6f2a69c7-33a3-414e-aeba-20a03b78fc68
['text']
Lorem Ipsum is simply dummy text of the printing and typesetting industry. Lorem Ipsum has been the industry's standard dummy text ever since the 1500s, when an unknown printer took a galley of type and scrambled it to make a type specimen book. It has survived not only five centuries, but also the leap into electronic typesetting, remaining essentially unchanged. It was popularised in the 1960s with the release of Letraset sheets containing Lorem Ipsum passages, and more recently with desktop publishing software like Aldus PageMaker including versions of Lorem Ipsum.

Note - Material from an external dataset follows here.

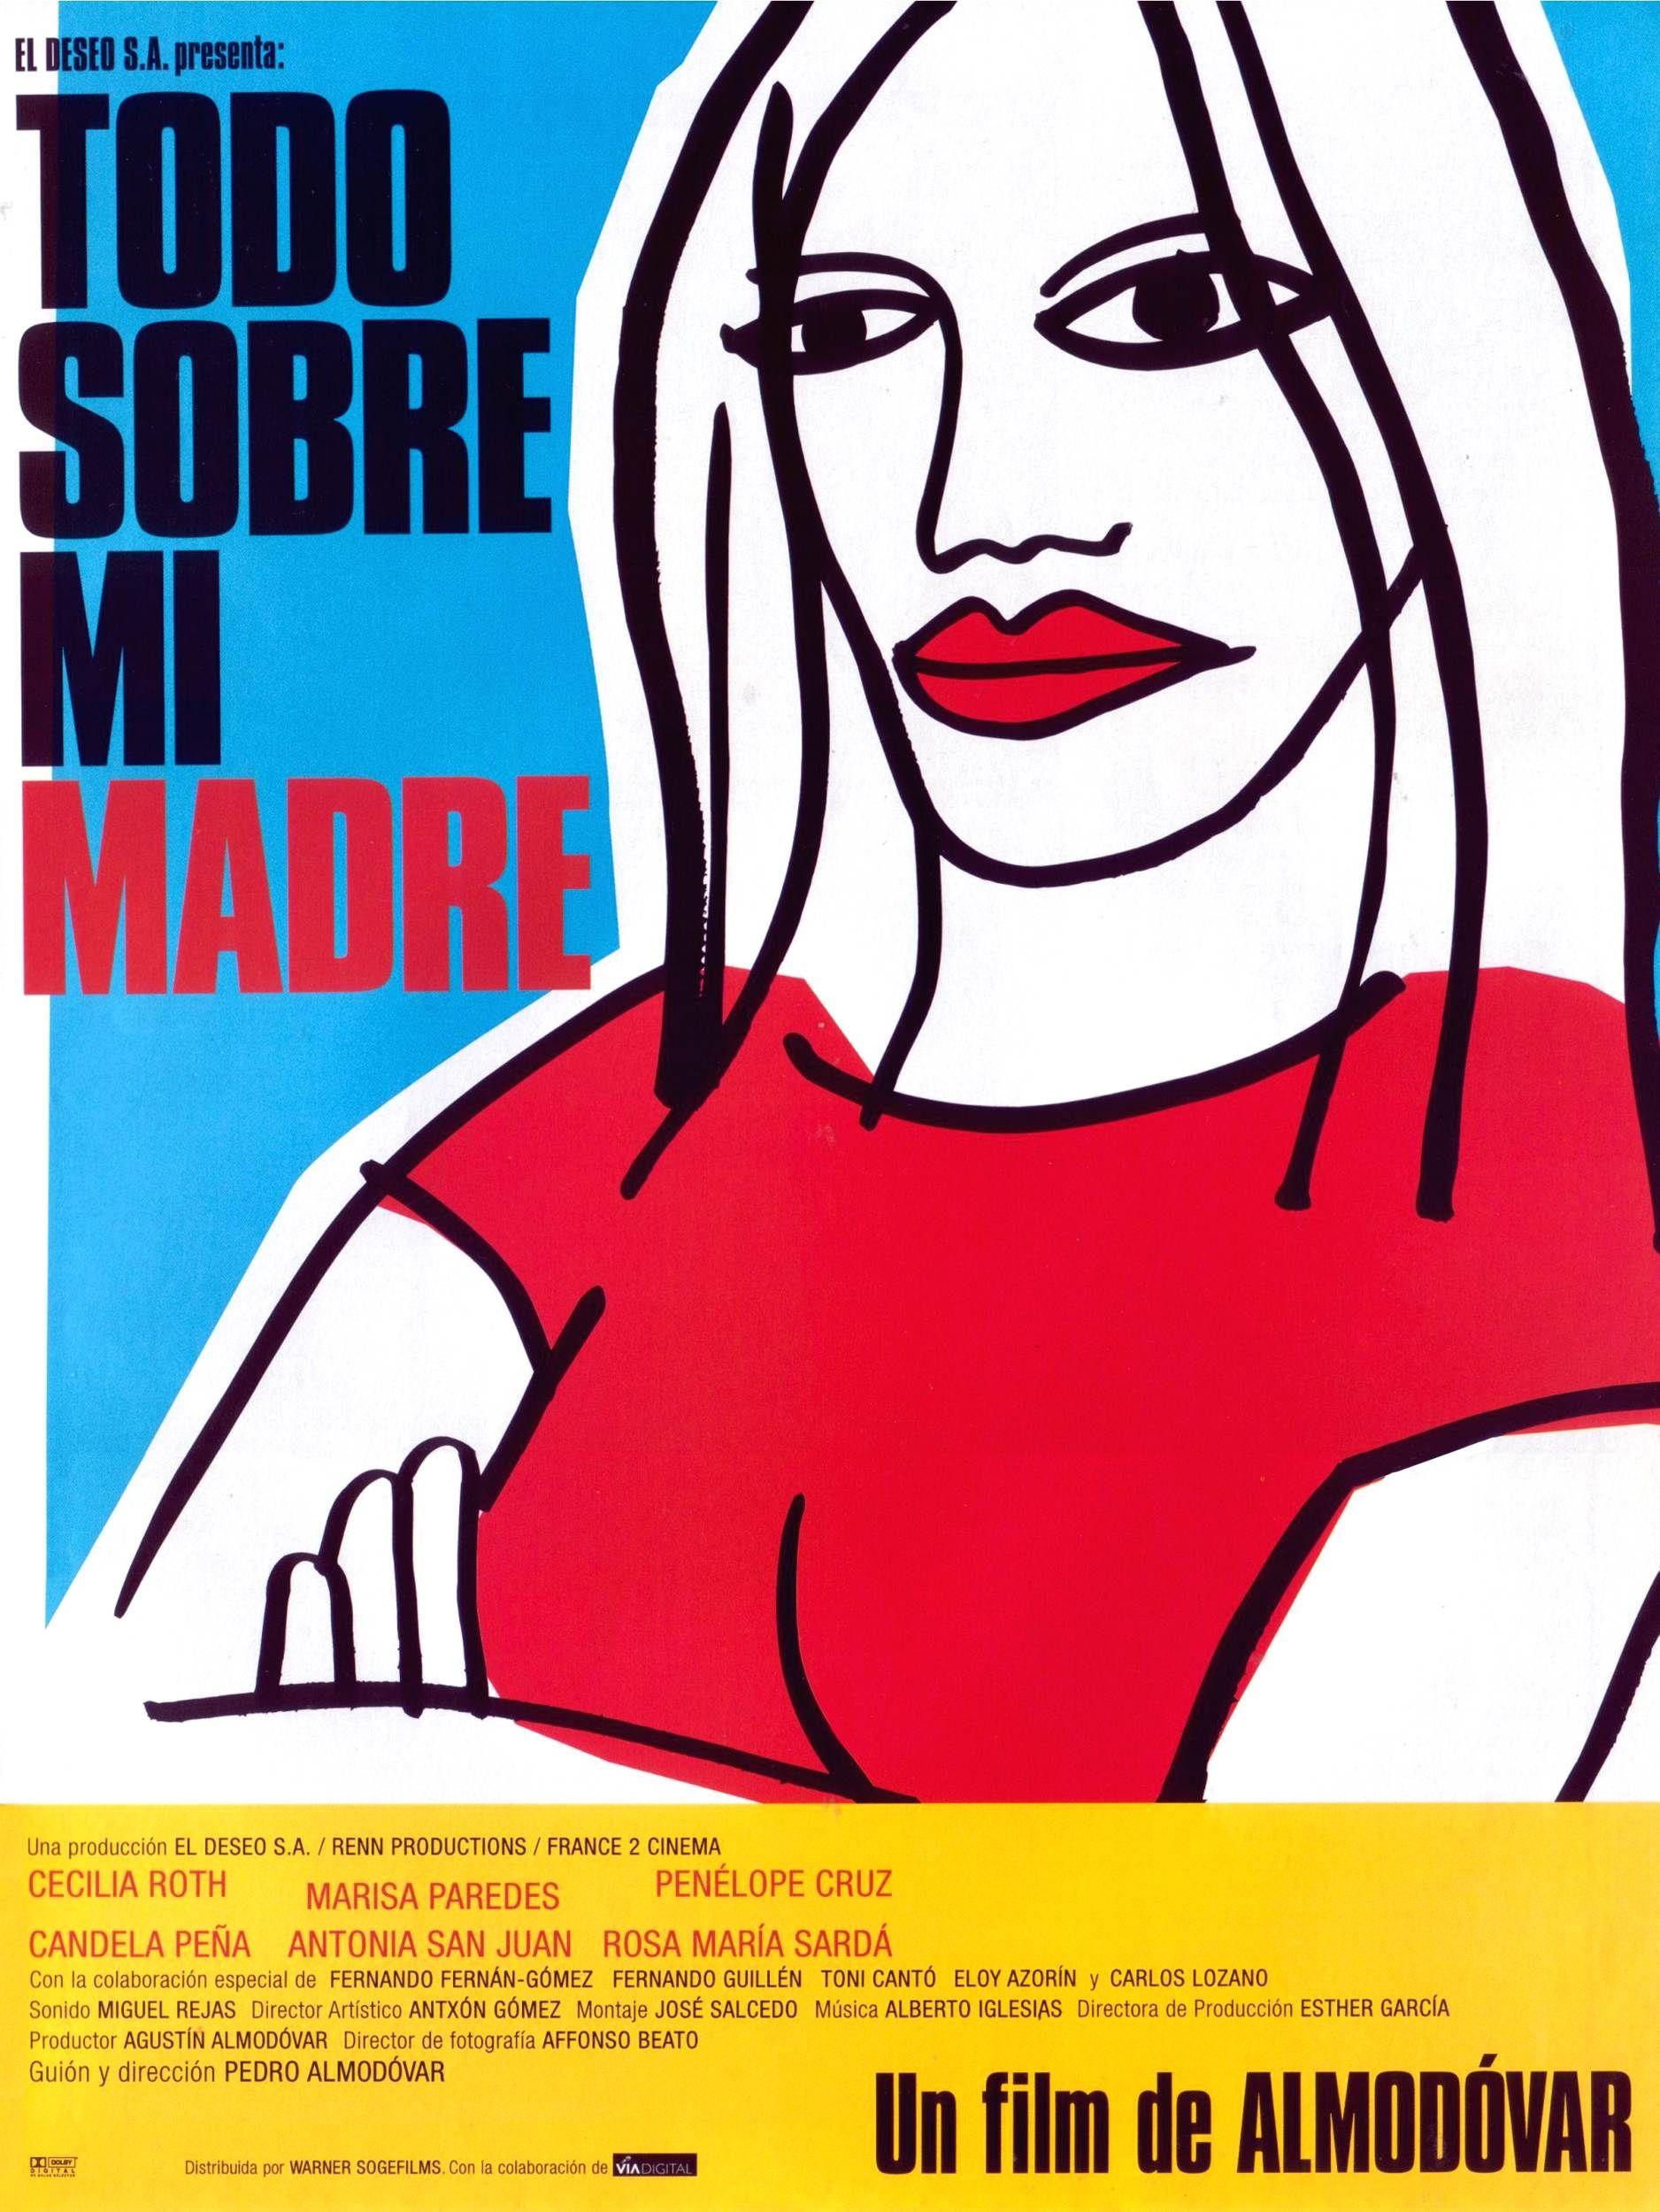 Candela X Escort pinresat sirac on sinematek | all about my mother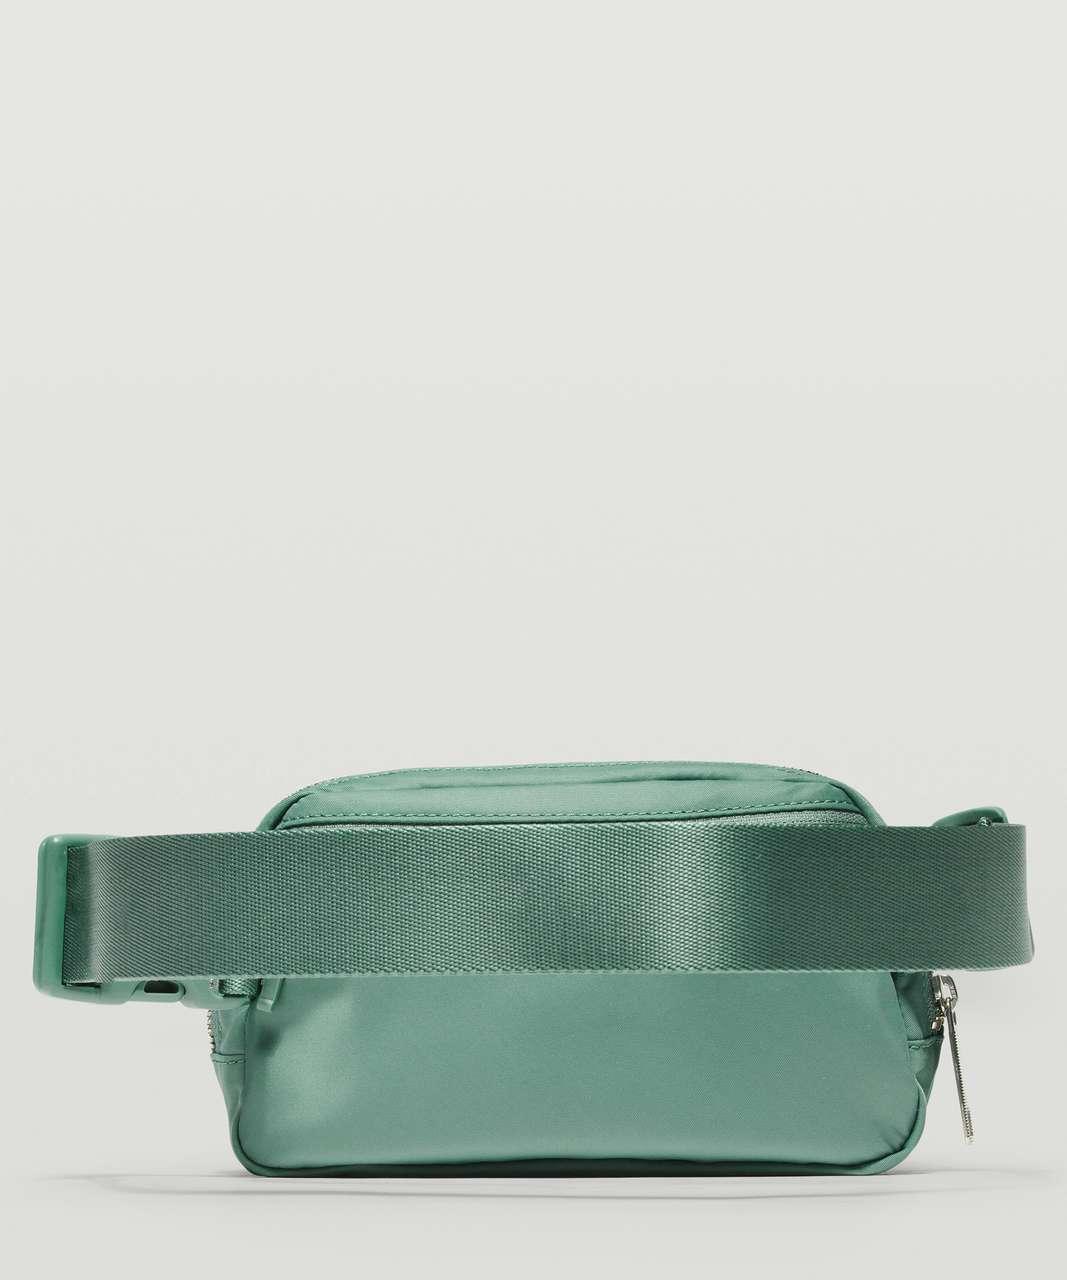 Lululemon Everywhere Belt Bag *1L - Tidewater Teal

e43c1deb-d81e-4685-a773-89ee5368f65e
['image', 'text']
Lorem Ipsum is simply dummy text of the printing and typesetting industry. Lorem Ipsum has been the industry's standard dummy text ever since the 1500s, when an unknown printer took a galley of type and scrambled it to make a type specimen book. It has survived not only five centuries, but also the leap into electronic typesetting, remaining essentially unchanged. It was popularised in the 1960s with the release of Letraset sheets containing Lorem Ipsum passages, and more recently with desktop publishing software like Aldus PageMaker including versions of Lorem Ipsum. survived not only five centuries, but also the leap into electronic typesetting, remaining essentially unchanged. It was popularised in the 1960s with the release of Letraset sheets containing Lorem Ipsum passages, and more recently with desktop publishing software like Aldus PageMaker including versions of Lorem Ipsum.
Number of chunks: 3

Example Code

import openparse
import json
basic_doc_path = "op.pdf"
parser = openparse.DocumentParser(
     table_args={
     "parsing_algorithm": "pymupdf",
     "table_output_format": "markdown"
    }
)
parsed_basic_doc = parser.parse(basic_doc_path)

chunks = parsed_basic_doc.model_dump_json()
chunks = json.loads(chunks)
for node in chunks['nodes']:
    print(node['node_id'])
    print(node['variant'])
    print(node['text'])

print('Number of chunks:', len(parsed_basic_doc.nodes))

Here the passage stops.